Support Operations policies page for project setup for forms open to the public

For forms that are open to the public, the end-location of the form needs to be within the support parent namespace. To facilitate this, we utilize the support/forms as the end-location.

The process for setting all this up comes in five steps:

Create the source project
Create the target project
Mirror the source to the target
Checking the target project settings
Verify the pages build

Create the source project

To begin, you need to create the source project. To do this, first navigate to gitlab-support-readiness/forms and click the blue New project button at the top-right of the page.

This will bring you to the new project page, showing various options to assist in the project’s creation. The option you want is Create from template. After clicking that, you want to click the Group tab, locate the correct template to use, and then click the blue Use template button on the right-hand side.

This will then import the template used into your new project. This can take a bit of time, but once it is done, you have a pre-built form project to use.

You will want to double check all the settings being used are accurate before proceeding.

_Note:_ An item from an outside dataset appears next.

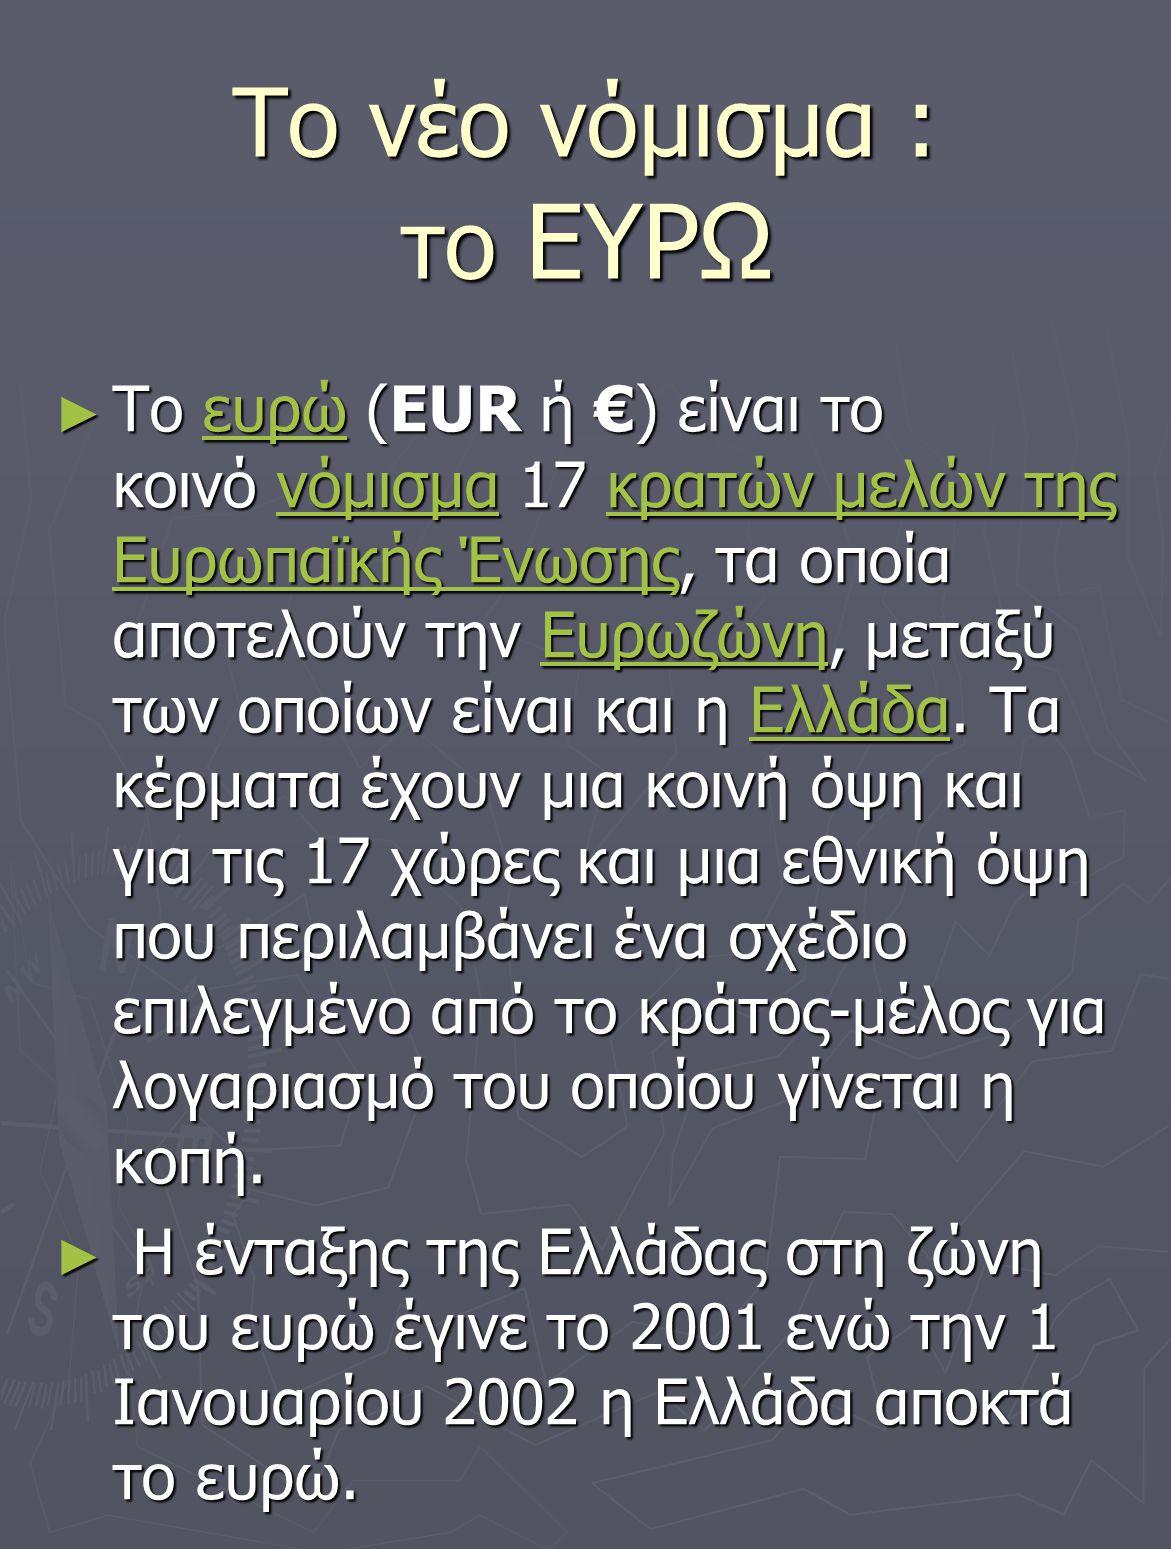 Το νέο νόμισμα : το ΕΥΡΩ ► To ευρώ (EUR ή €) είναι το κοινό νόμισμα 17 κρατών μελών της Ευρωπαϊκής Ένωσης, τα οποία αποτελούν την Ευρωζώνη, μεταξύ των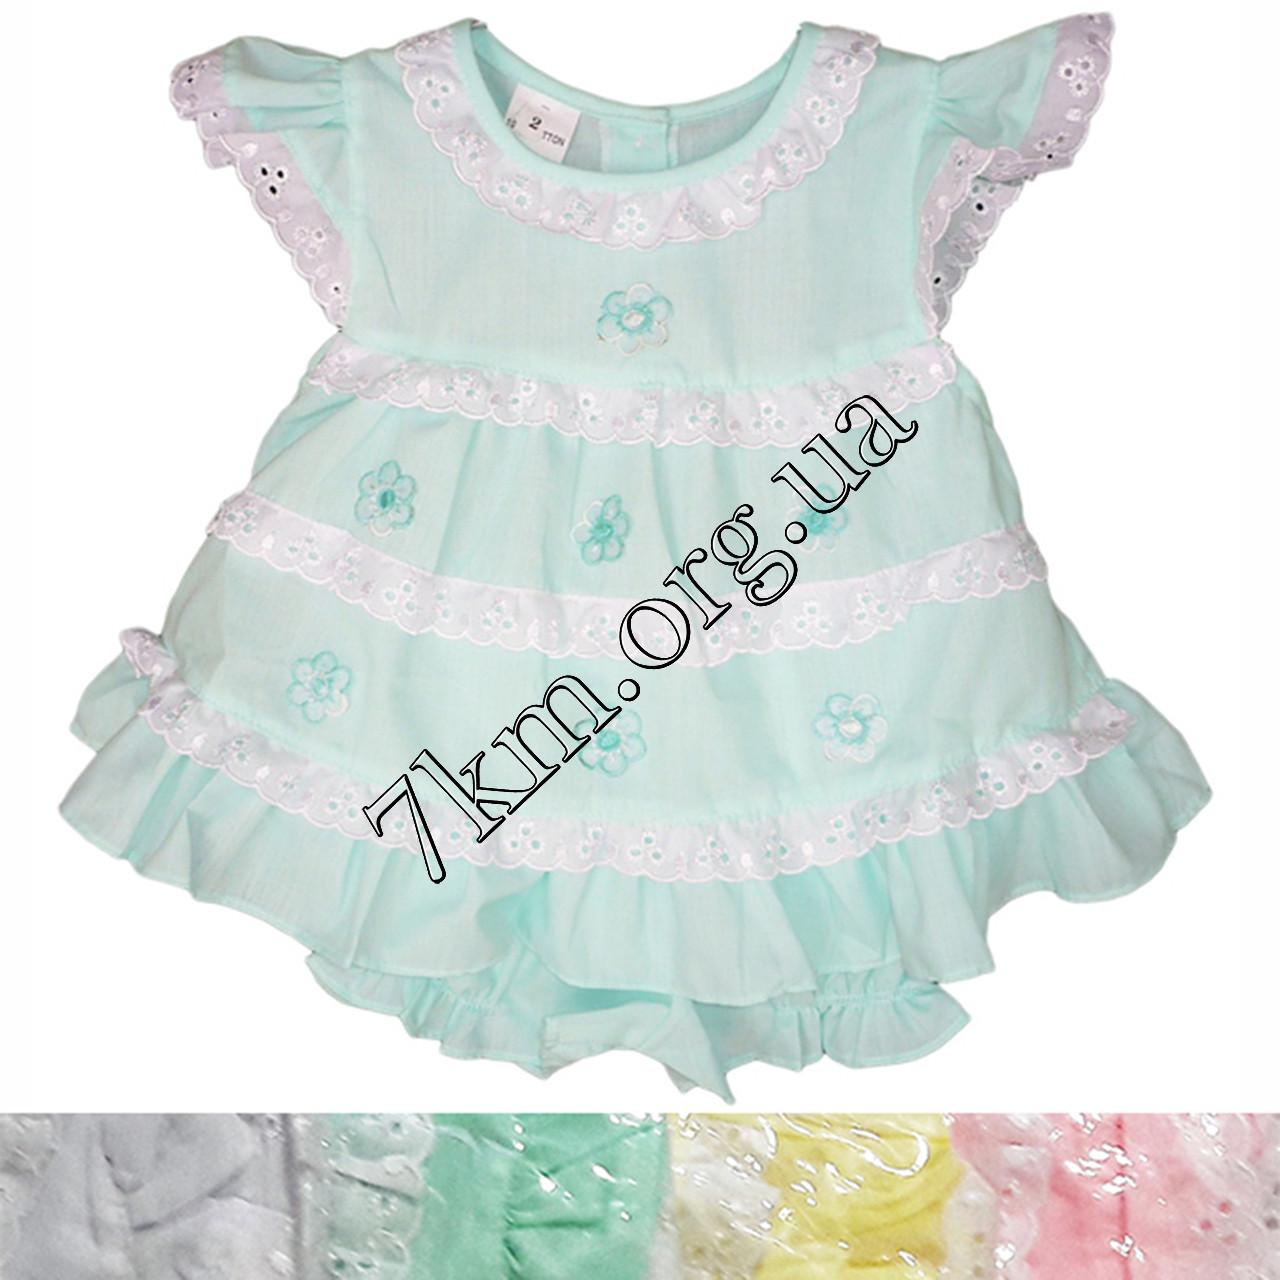 Платье с трусиками батист салатовое 6-18 месяцев Оптом 020516

Settings for source project

General
- Naming, topics, avatar
  - Project Description (optional): Something to describe the form’s use
- Visibility, project features, permissions
  - Project visibility: Private
  - Issues: Checked
  - Respository: Checked
  - Merge requests: Checked
  - Forks: Unchecked
  - CI/CD: Checked
  - Container registry: Unchecked
  - Analytics: Unchecked
  - Requirements: Unchecked
  - Security and Compliance: Unchecked
  - Wiki: Unchecked
  - Snippets: Unchecked
  - Package registry: Unchecked
  - Model experiments: Unchecked
  - Model registry: Unchecked
  - Pages: Checked
  - Monitor: Unchecked
  - Environments: Unchecked
  - Feature flags: Unchecked
  - Infrastructure: Unchecked
  - Releases: Unchecked
  - CI/CD Catalog resource: Unchecked
  - Enable email notifications: Checked
  - Show default emoji reactions: Checked
  - Warn about Potentially Unwanted Characters: Checked
- Badges
  - There should be no badges
- Compliance framework
  - There should be no compliance framework
- Service Desk
  - It should not be activated
Integrations
- There should be no activated integrations
Webhooks
- There should be no webhooks
Access Tokens
- There should be no access tokens
Repository
- Branch defaults
  - Default branch: master
  - Auto-close referenced issues on default branch: Checked
  - Branch name template: Leave it empty
- Branch rules
  - No need to edit this, let it self-populate
- Push rules
  - Reject unverified users: Unchecked
  - Reject inconsistent user name: Unchecked
  - Reject unsigned commits: Unchecked
  - Reject commits that aren't DCO certified: Unchecked
  - Do not allow users to remove Git tags with git push: Unchecked
  - Check whether the commit author is a GitLab user: Unchecked
  - Prevent pushing secret files: Unchecked
  - Require expression in commit messages: Leave it empty
  - Reject expression in commit messages: Leave it empty
  - Branch name: Leave it empty
  - Commit author's email: Leave it empty
  - Prohibited file names: Leave it empty
  - Maximum file size (MB): 0
- Mirroring repositories
  - There should be no mirrors setup as of yet (one will be made later)
- Protected branches
  - There should be on entry:
    - Branch: master
    - Allowed to merge: Maintainers
    - Allowed to push and merge: gl-support-bot
    - Allowed to force push: Unchecked
    - Code owner approval: Checked
- Protected tags
  - There should be no protected tags
- Deploy tokens
  - There should be no deploy tokens
- Deploy keys
  - There should be no deploy keys
Merge Requests
- Merge method: Merge commit
- Merge options:
  - Enable merged results pipelines: Unchecked
  - Automatically resolve merge request diff threads when they become outdated: Unchecked
  - Show link to create or view a merge request when pushing from the command line: Checked
  - Enable “Delete source branch” option by default: Checked
- Squash commits when merging: Require
- Merge checks
  - Pipelines must succeed: Unchecked
  - All threads must be resolved: Checked
  - Status checks must succeed: Unchecked
- Merge suggestions: Leave it empty
- Merge commit message template:
  
  Merge branch ‘%{source_branch}’ into ‘%{target_branch}’
  
  %{title}
  
  %{issues}
  
  See merge request %{reference}
- Squash commit message template:
  
  %{title}
- Default description template for merge requests: blank
- Merge request approvals
  - Approval rules: Leave as is
  - Security Approvals: There should be none
  - Approval settings
    - Prevent approval by author: Checked
    - Prevent approvals by users who add commits: Checked
    - Prevent editing approval rules in merge requests: Checked
    - Require user re-authentication (password or SAML) to approve: Unchecked
    - When a commit is added: Remove all approvals
- Suggested reviewers: Do not enable
- Merge request branch workflow: There should be none
CI/CD
- Ensure Public pipelines under General pipelines is unchecked
- Leave the rest as it
Packages and registries
- Leave as is
Monitor
- Leave as is
Analytics
- Leave as is
Usage Quotas
- Leave as is

After confirming the settings, you will want to create a merge request with the desired code. Make sure to setup the .gitlab folder and its contents for the project!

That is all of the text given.